As part of The Go-Betweens, arguably one of Australia’s most beloved groups, Robert Forster developed a reputation as a literary, pointed songwriter, whose songs often contrasted with the more melodic, immediate songs of his songwriting partner Grant McLennan. Since McLennan’s tragic passing in 2006 and the much belated popularity The Go-Betweens’ music has taken on, Forster has been busy telling the tale, with his book Grant & I and as part of the recent documentary Right Here. In the meantime though, he has also dependably come through with a new solo record. Inferno was recorded in Germany during its hottest summer in decades, and sees Forster in a comfortable, but self-reflective place.
Inferno opens with Forster’s reading of “Crazy Jane On The Day of Judgement”, a poem by William Butler Yeats – interestingly published as part of a collection titled Words for Music Perhaps, and one of a series based around the Crazy Jane character. This particular one is an exchange between Jane and the character of the Bishop, who during the poems appears to represent a kind of religious dishonesty and prohibition. The poem’s ambiguous tone sits comfortably with the lightly brooding, swaying mid-tempo backing, especially with the clear-skied openings of light on the repeated “naked I lay; the grass my bed” couplets. The pairing in fact goes back to 2015, when Forster was asked to play at a concert in Dublin commemorating Yeats’ 150th birthday.
Though, for the most part, the record continues in a fairly unassuming, understated direction, there is yet one relative surprise that finds its way in. “Inferno (Brisbane in Summer)”, released as the record’s lead single, is a full-on rock ‘n roll number, driven by the eighth-note piano rhythm. Though the album was recorded in Germany during its heatwave, the action here is taken to Brisbane, Forster’s hometown and a place perhaps more characteristically associated with the summer inferno being referred to. Though the song is quite rollicking, the delirious, heat-stricken imagery gives it a chaotic edge, that is further brought out by the sweeps of sweltering synths and guitar.

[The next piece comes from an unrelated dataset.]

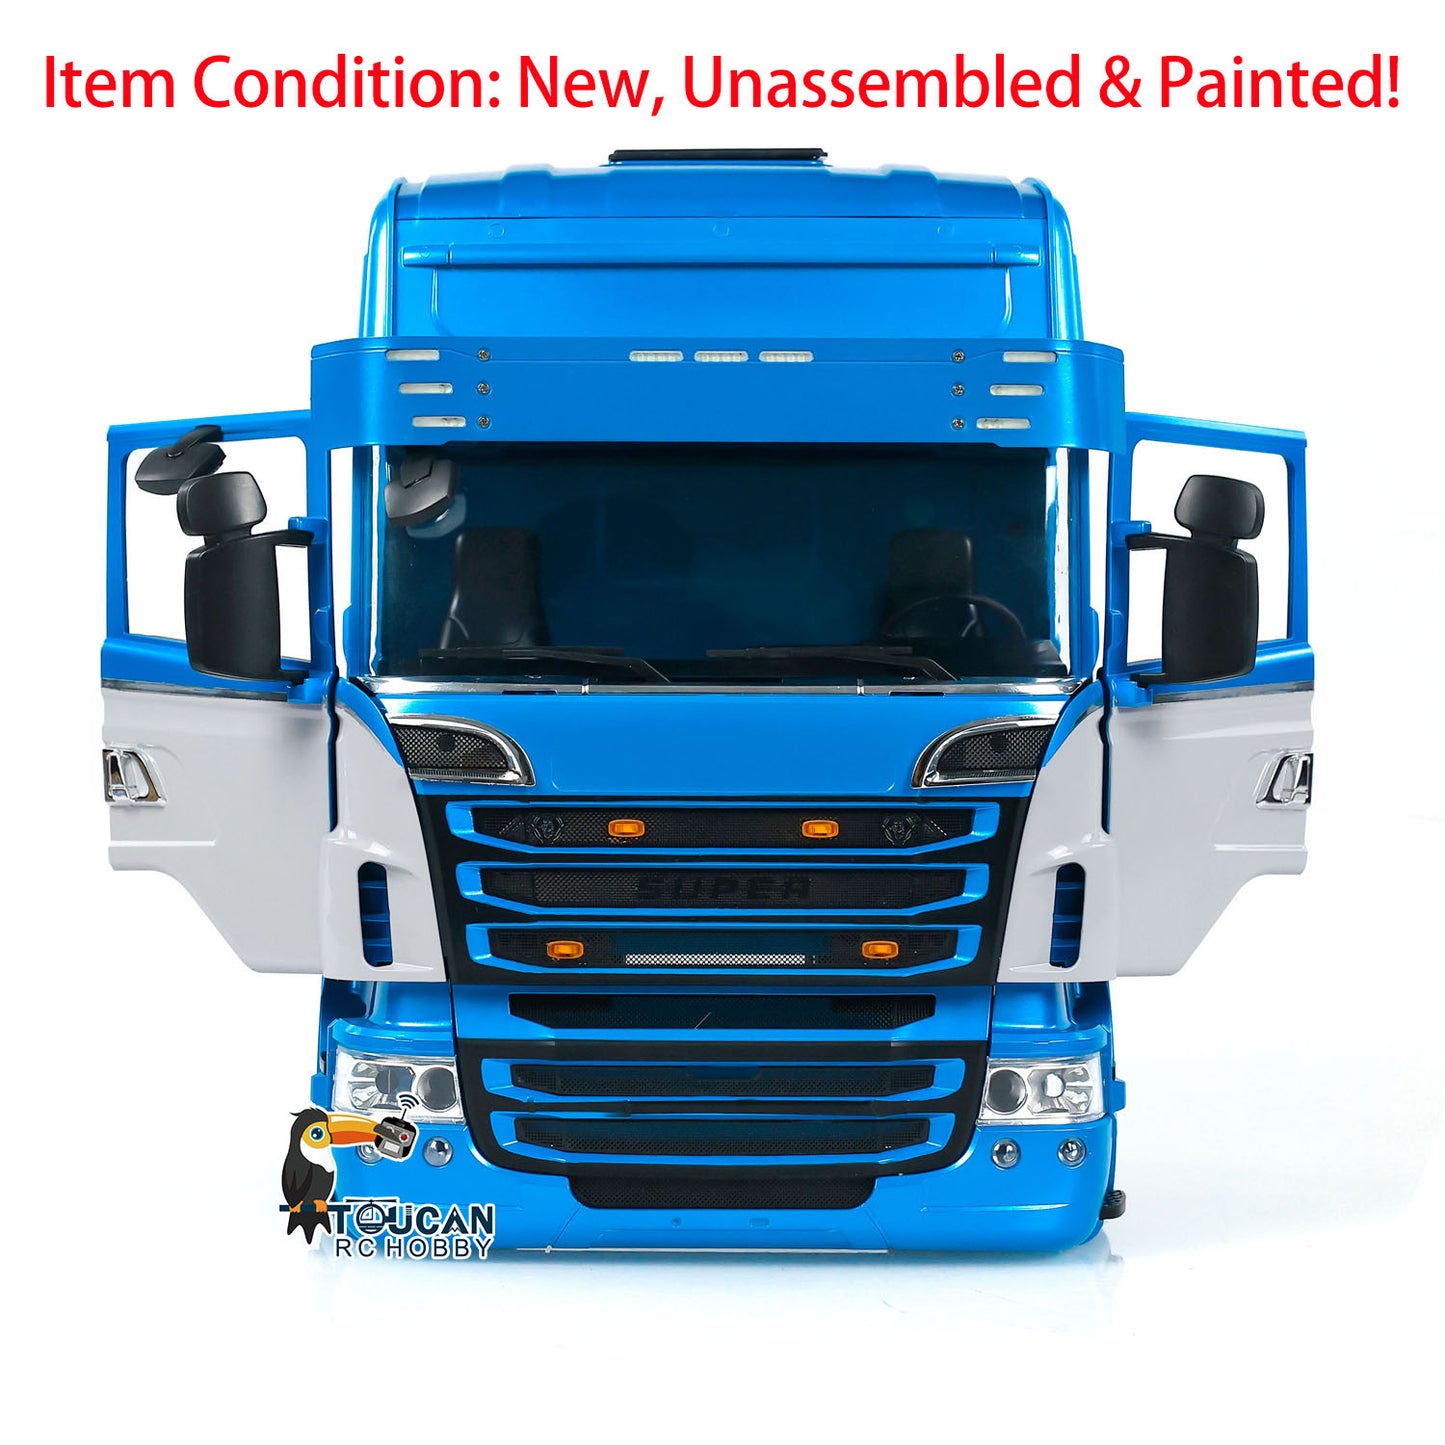 Plastic R730 Cabin Body Shell for 1/14 RC Car 6x6 6x4 Remote Control Tractor Simulation Truck Hobby Model DIY Painted

In contrast, songs like “The Morning” and “I’ll Look After You” have a palpable gentleness to them, especially the former – sounding very much like its title, a pretty and quietly uplifting ode to the friend that is the morning (on a tangential note, the acoustic melody in the chorus resembles that of Low’s 1997 song “Venus” – likely a coincidence, but who knows?). “Life Has Turned a Page” may be the album’s most laid-back song, a quaint family history centered around 1970s Queensland and New South Wales, with mentions of numerous towns in the area; his voice endearingly cracks as the major 7th chords and a glockenspiel melody add to the song’s dreamy, relaxed and lightly nostalgic mood.

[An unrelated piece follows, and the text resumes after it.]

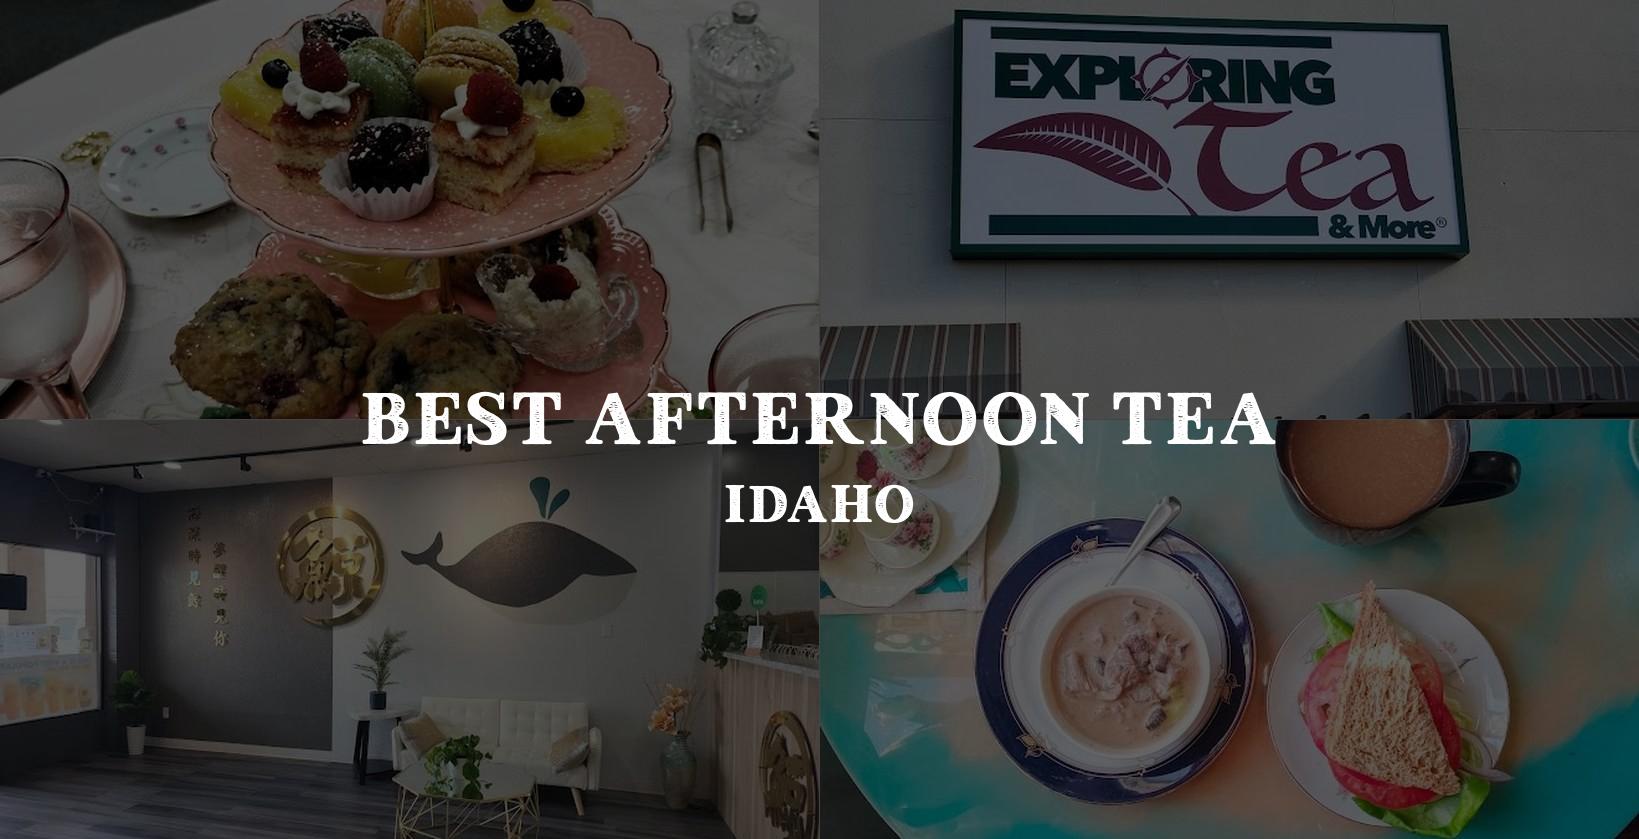 Choosing the perfect spot for afternoon tea in Idaho

“No Fame” has the feeling of a driving song, especially as it kicks into gear during the chorus, as well as the highway imagery – he sings “everyone can follow, everyone can overtake me”, highlighting his no longer having to worry about the reception his art attains – in a way perhaps having finally reached a place in his life where he is able to say that. “I’m Gonna Tell It” goes for a similar sentiment, perhaps underlining his desire to keep telling his stories, over a lightly stomping instrumental, the light again opening up in the bridge – as he sings “someone says it’s a book, I’ll ghostwrite it; someone says it’s a movie, I’ll make it”.
Finally, “One Bird in the Sky” draws the record to a close as a wistful late afternoon meditation on his place in life, a place of quiet contemplation. The tender composition is buoyed by gorgeous string melodies, as he repeats a mantra that seems to emphasise his determination to continue experiencing his world as best he can, even as entering the latter years of his life. It makes for a fitting end, with the kind of melancholy-infused optimism that Forster has nailed over the years.
With Inferno, Robert Forster has crafted another reliable collection of songs and narratives. Even compared to some of his previous solo albums, Inferno may be his most humble offering, however, this isn’t to a detriment by any means, as it remains engaging all the way through. The songs feel characteristically comfortable, and these are clearly nine that he believes in, each one crafted with care and effort, delivered with crisp instrumentation and production. It is, in many ways, a thoroughly pleasant record – one where Forster seems content, but still with plenty to tell and to believe in.